[Exercise brief] From the line below that contains "color French pink" to the line that contains "Abby Allen (left)", repeat every line exactly, both ends included, and nothing else.

** Exercise inputs follows **

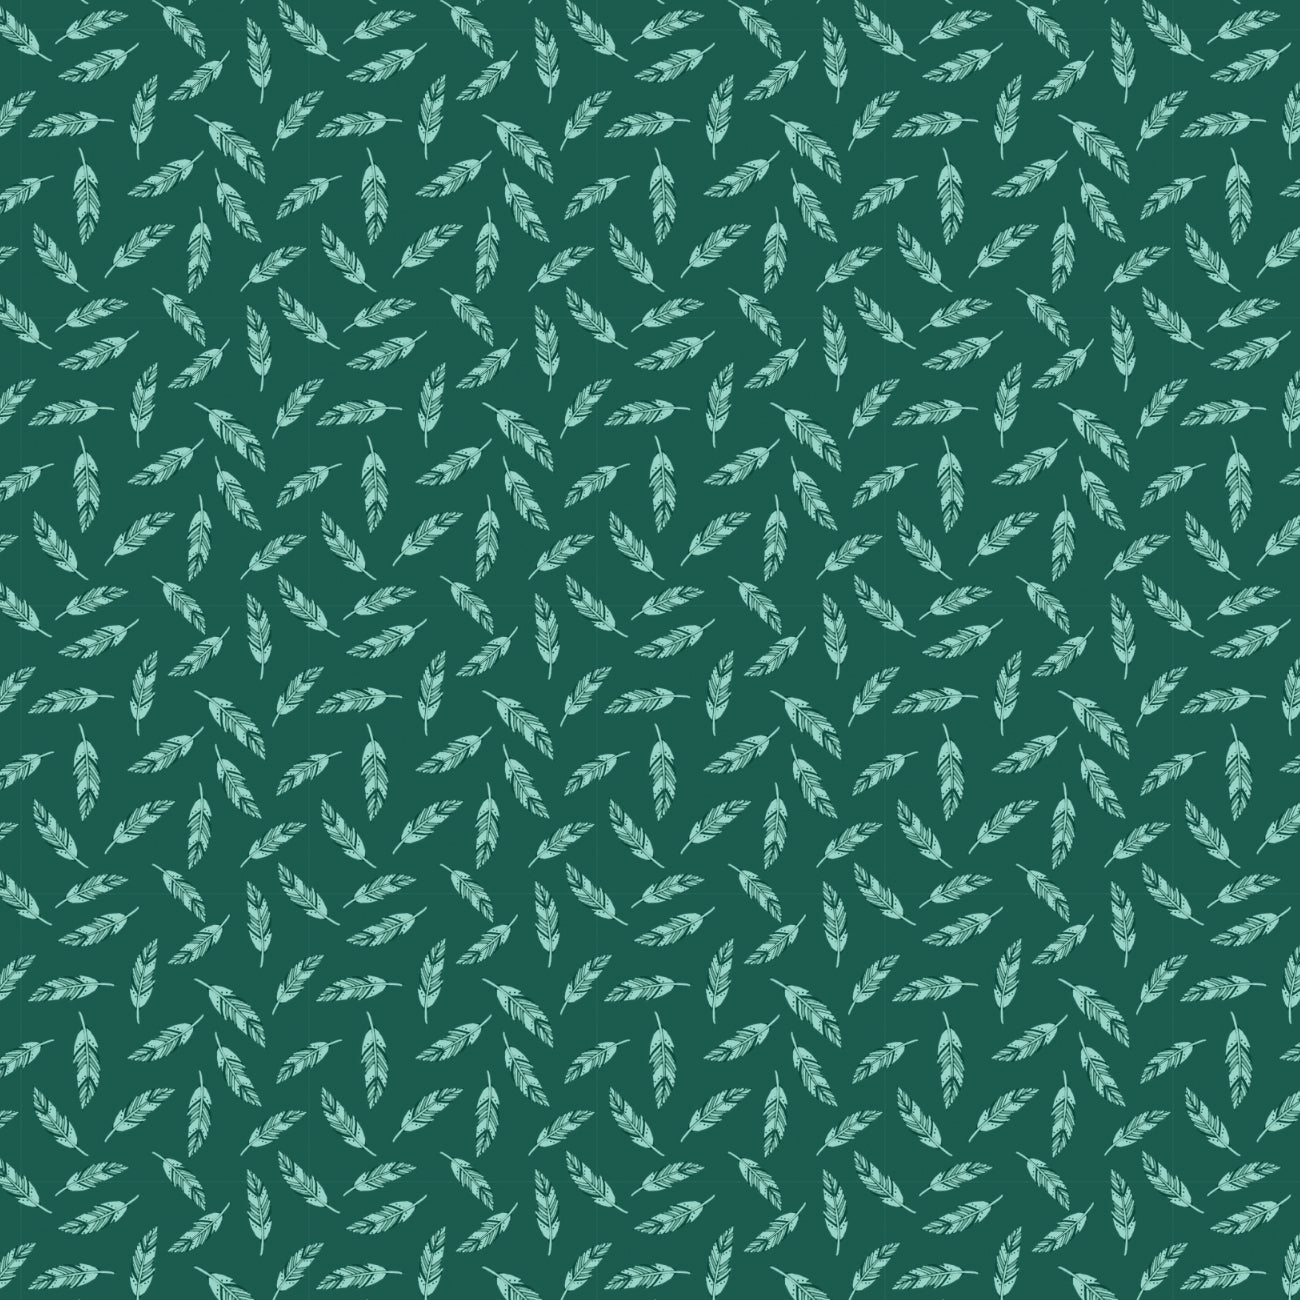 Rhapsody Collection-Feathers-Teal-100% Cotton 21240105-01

** End of Exercise inputs **
** Exercise inputs follows **

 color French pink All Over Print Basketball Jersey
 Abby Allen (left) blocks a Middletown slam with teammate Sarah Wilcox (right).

** End of Exercise inputs **

[Result for this task]
 color French pink All Over Print Basketball Jersey
 Abby Allen (left) blocks a Middletown slam with teammate Sarah Wilcox (right).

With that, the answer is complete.